- PROBLEM DESCRIPTION:
Give the data again exactly as written, without any of its pictures.

- PROVIDED DATA:
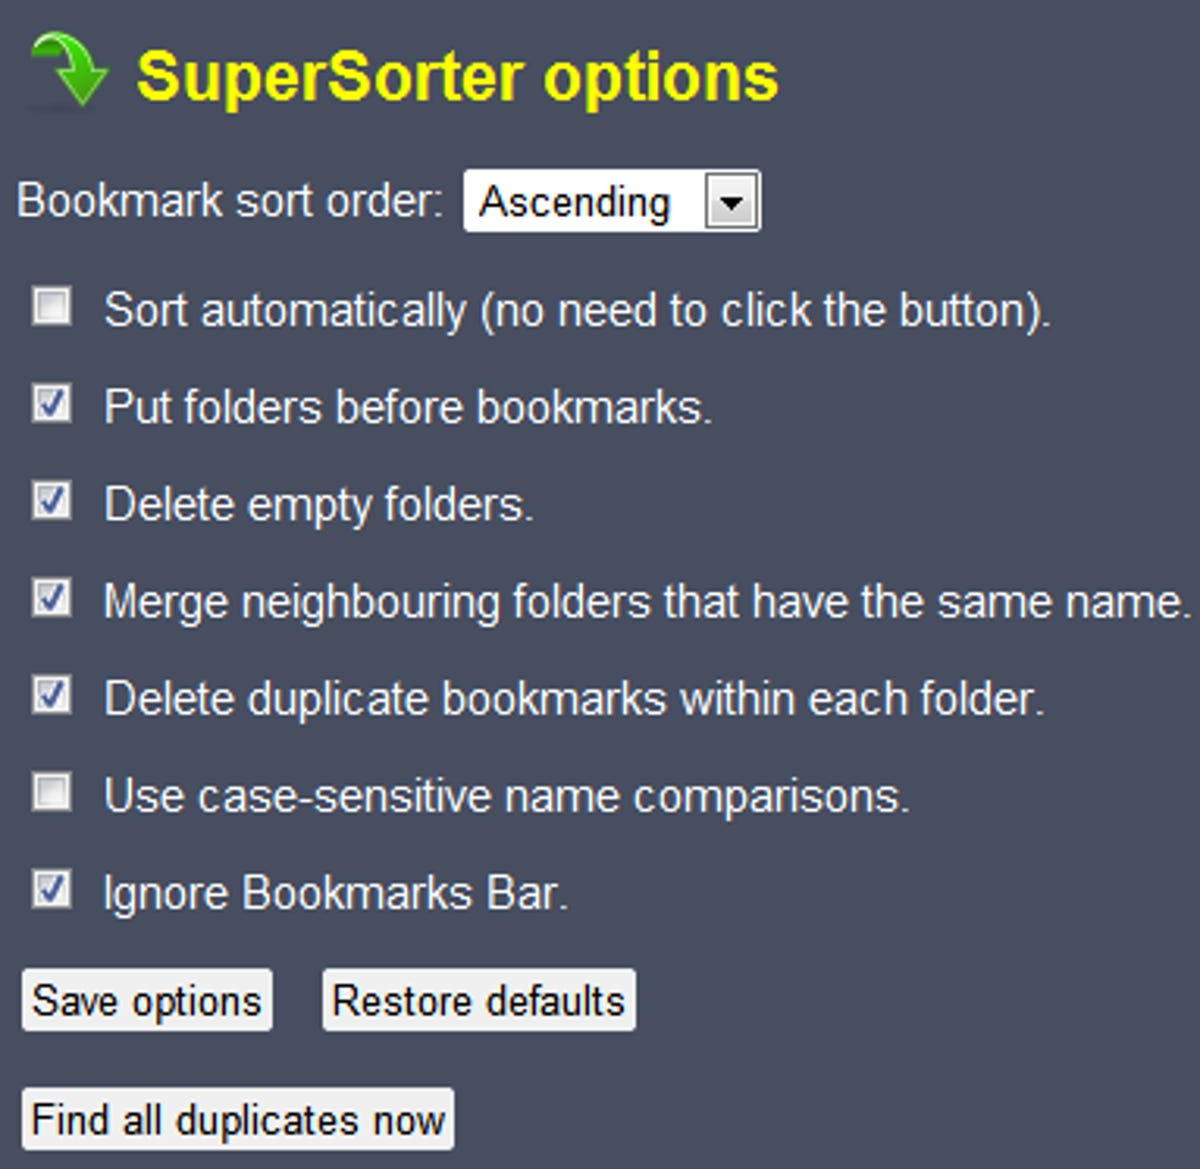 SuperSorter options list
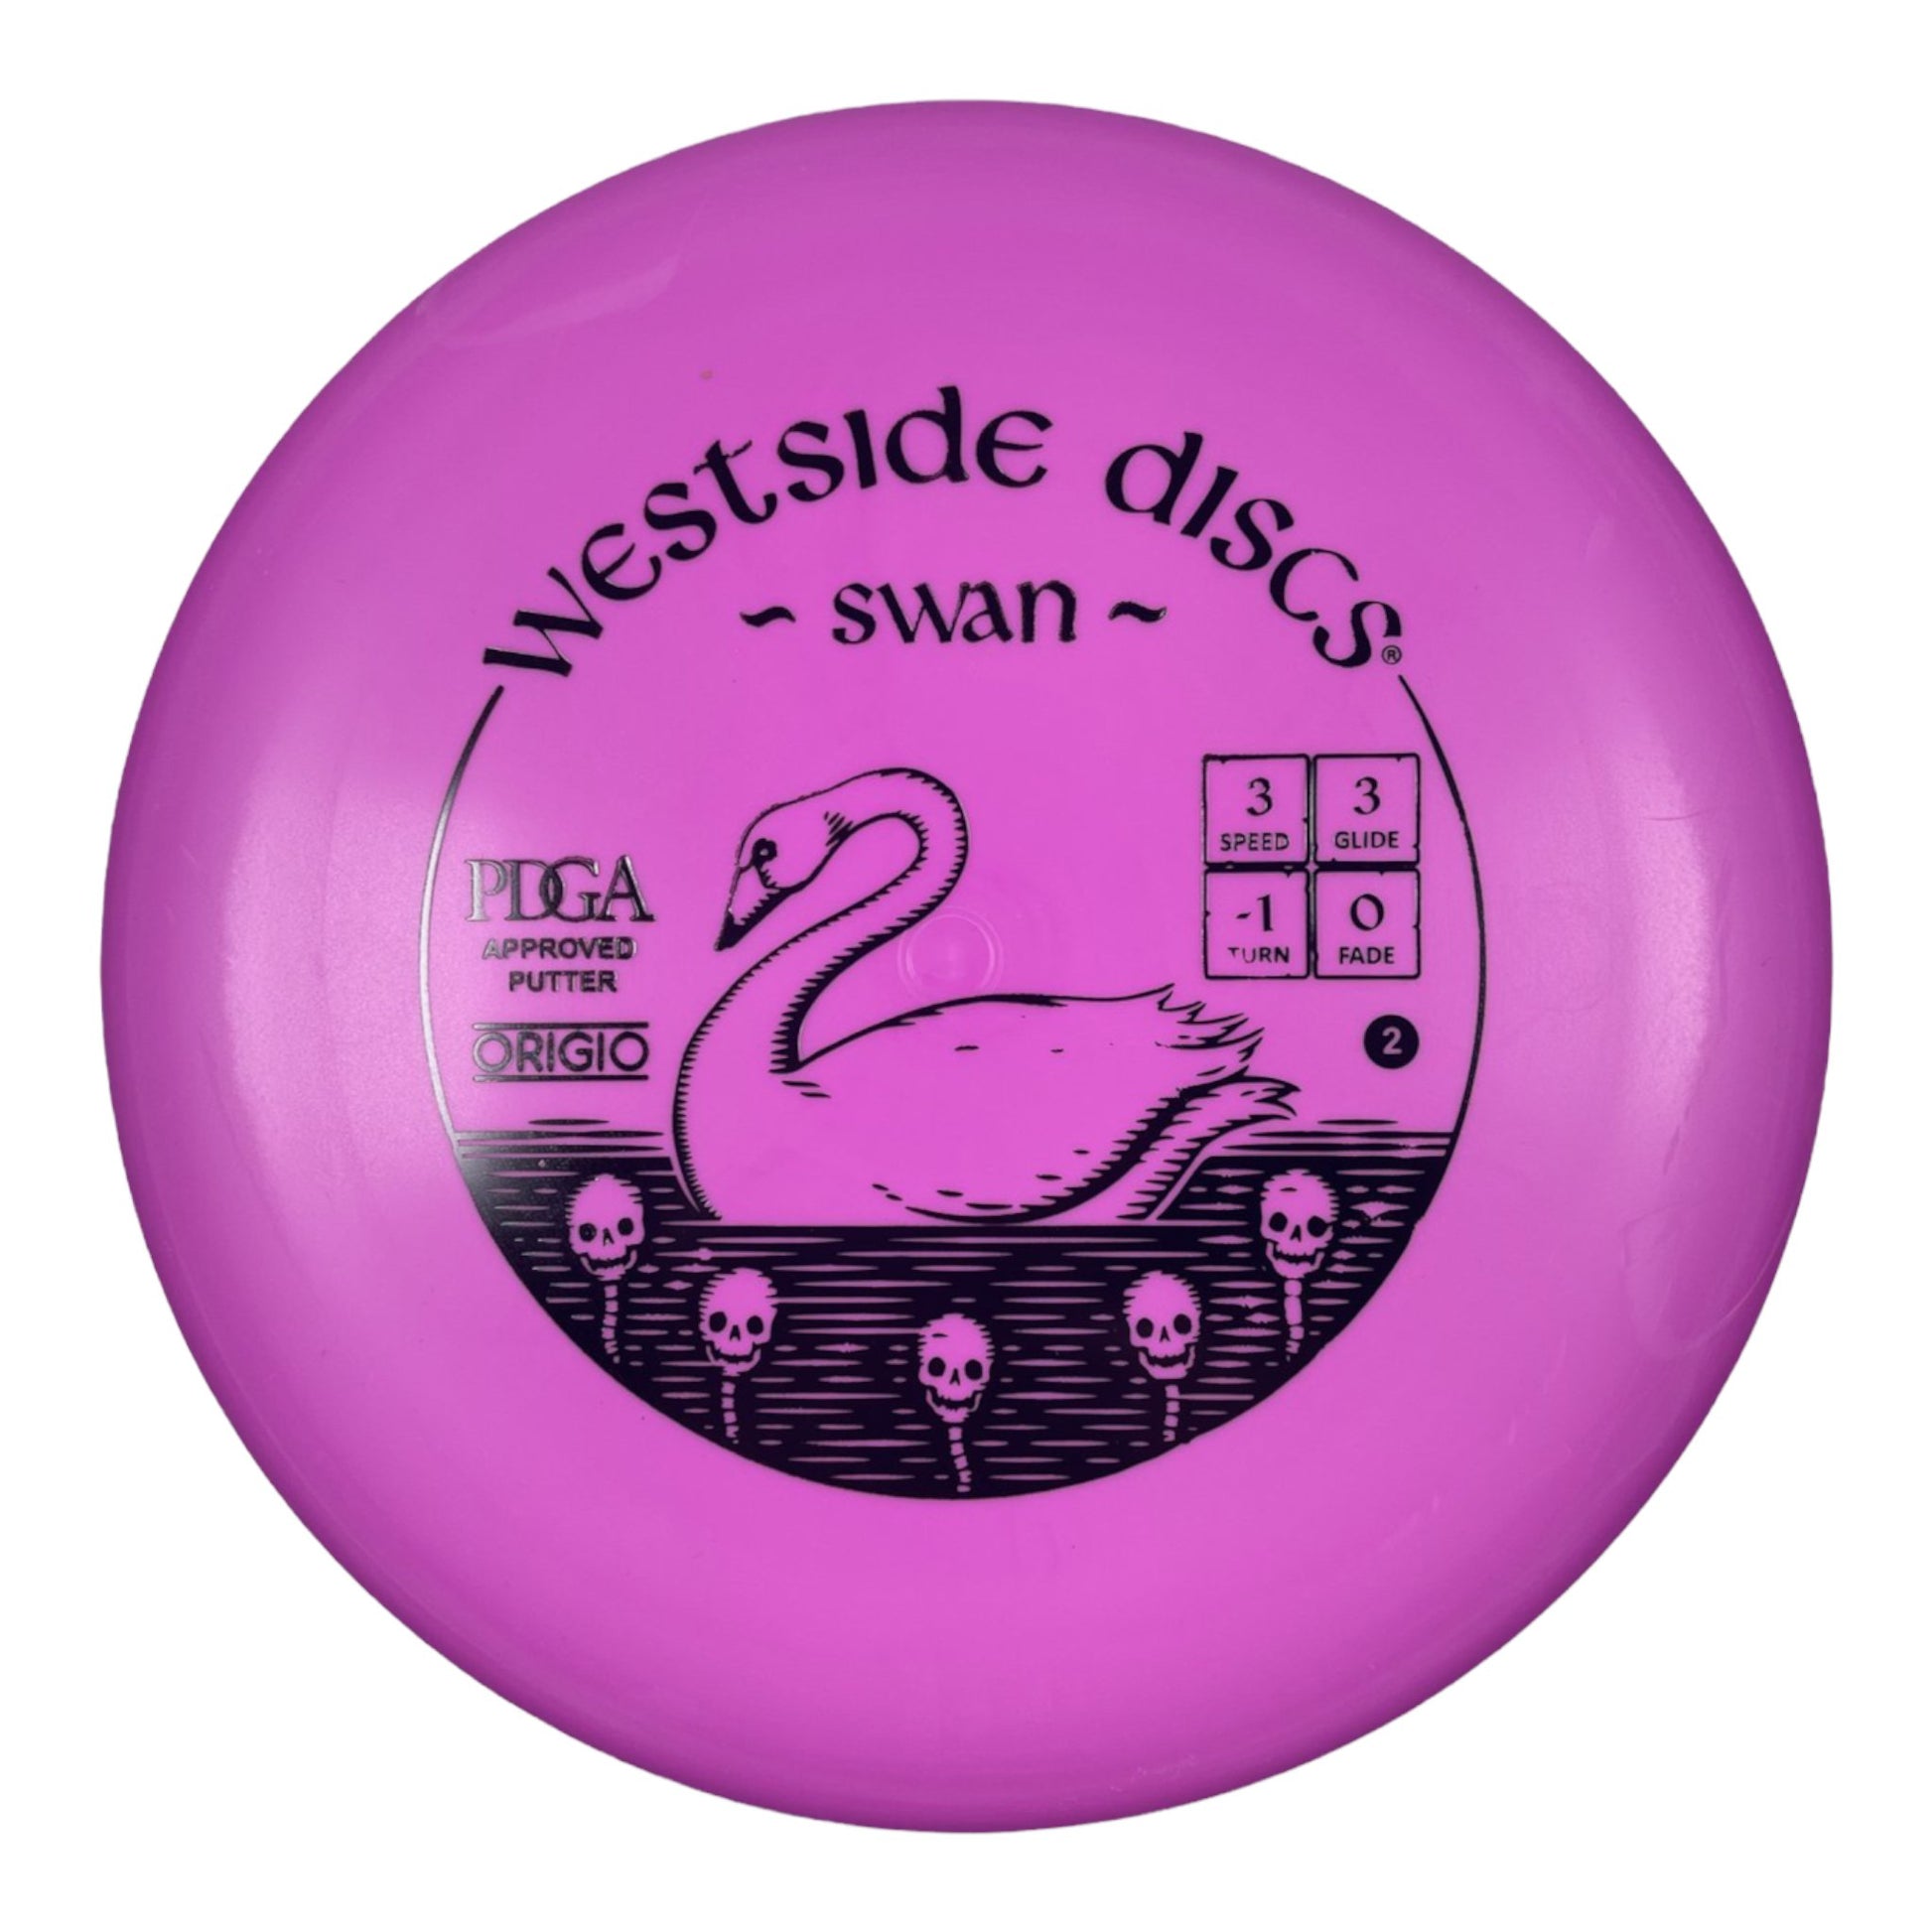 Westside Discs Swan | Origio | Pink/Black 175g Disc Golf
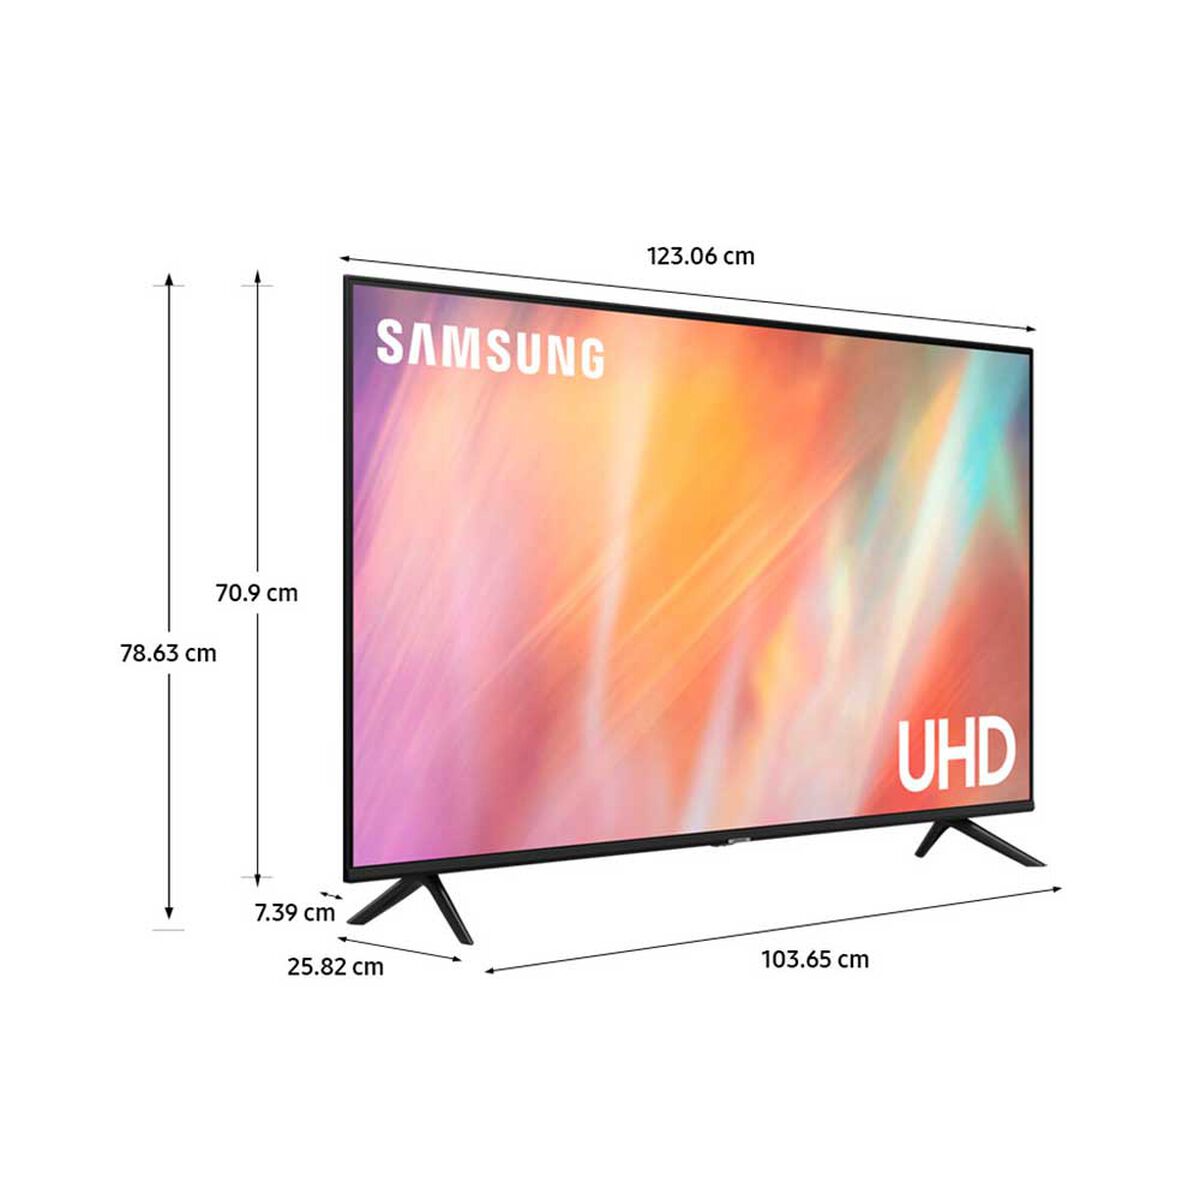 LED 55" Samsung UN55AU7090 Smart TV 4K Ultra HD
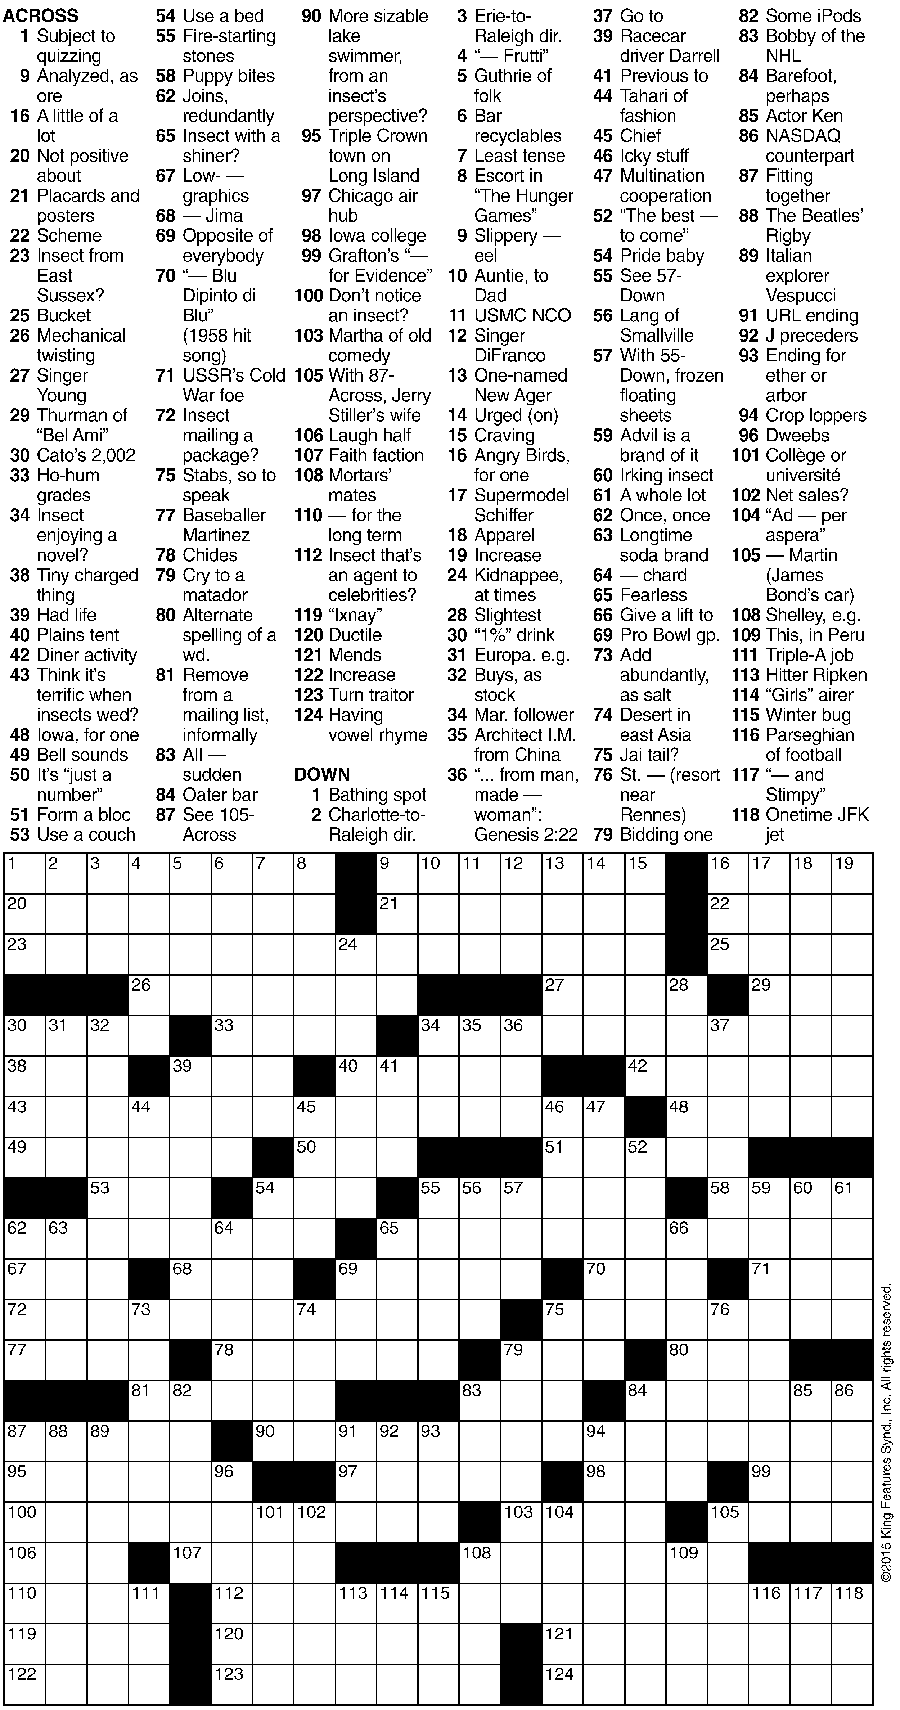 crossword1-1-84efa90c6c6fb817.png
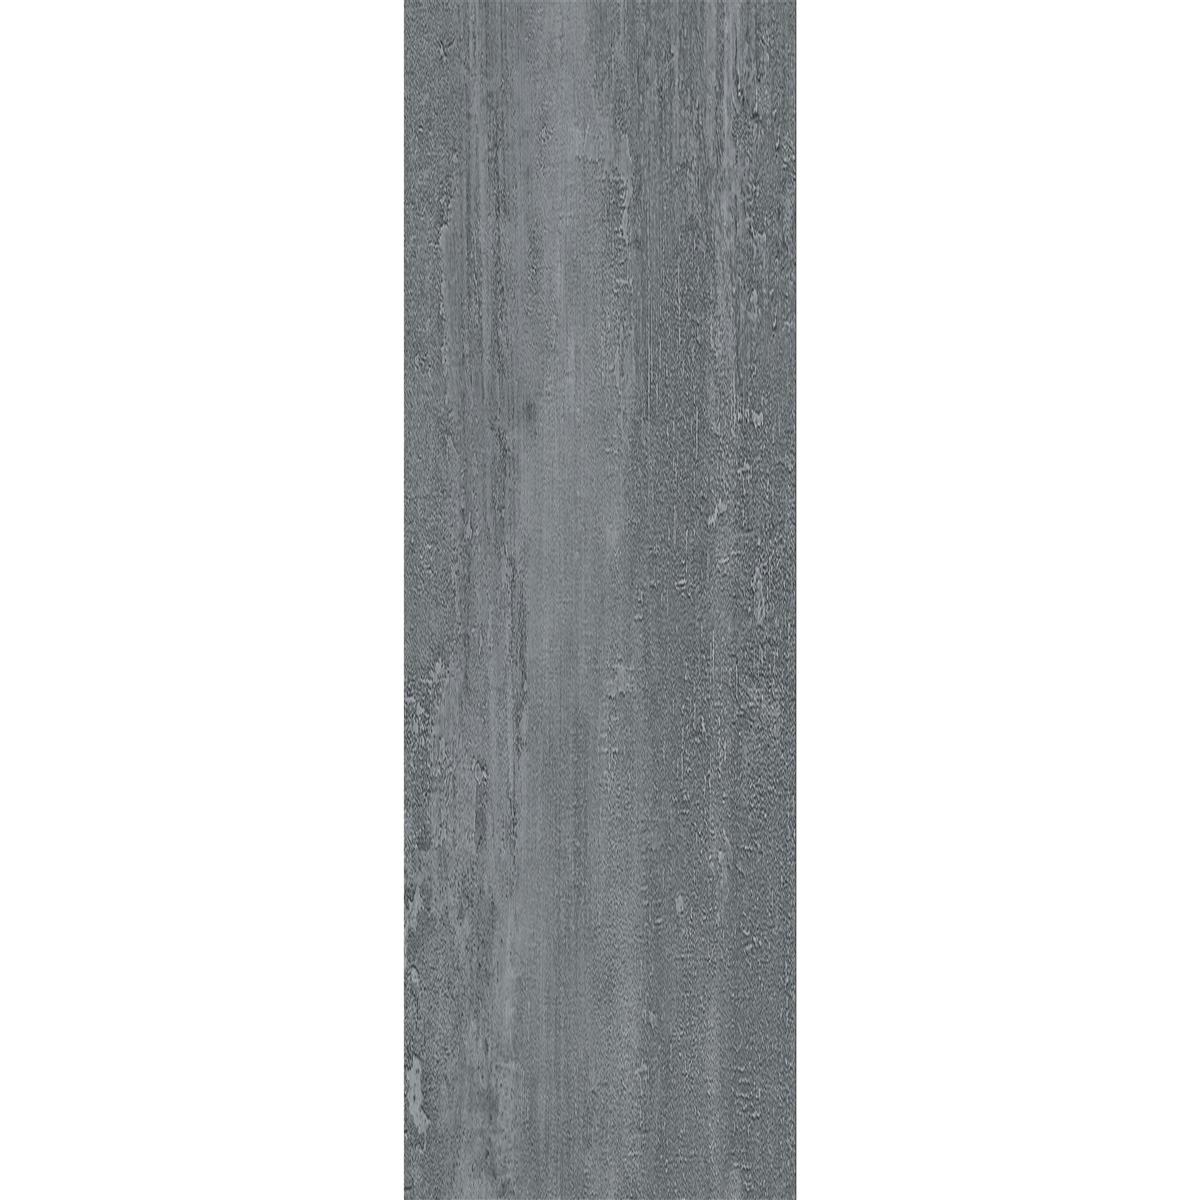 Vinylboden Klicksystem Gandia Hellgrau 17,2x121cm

- FINISHED TASK:
 SuperSorter options list
 Westside Discs Swan | Origio | Pink/Black 175g Disc Golf
 LED 55" Samsung UN55AU7090 Smart TV 4K Ultra HD
 crossword1-1-84efa90c6c6fb817.png
 Vinylboden Klicksystem Gandia Hellgrau 17,2x121cm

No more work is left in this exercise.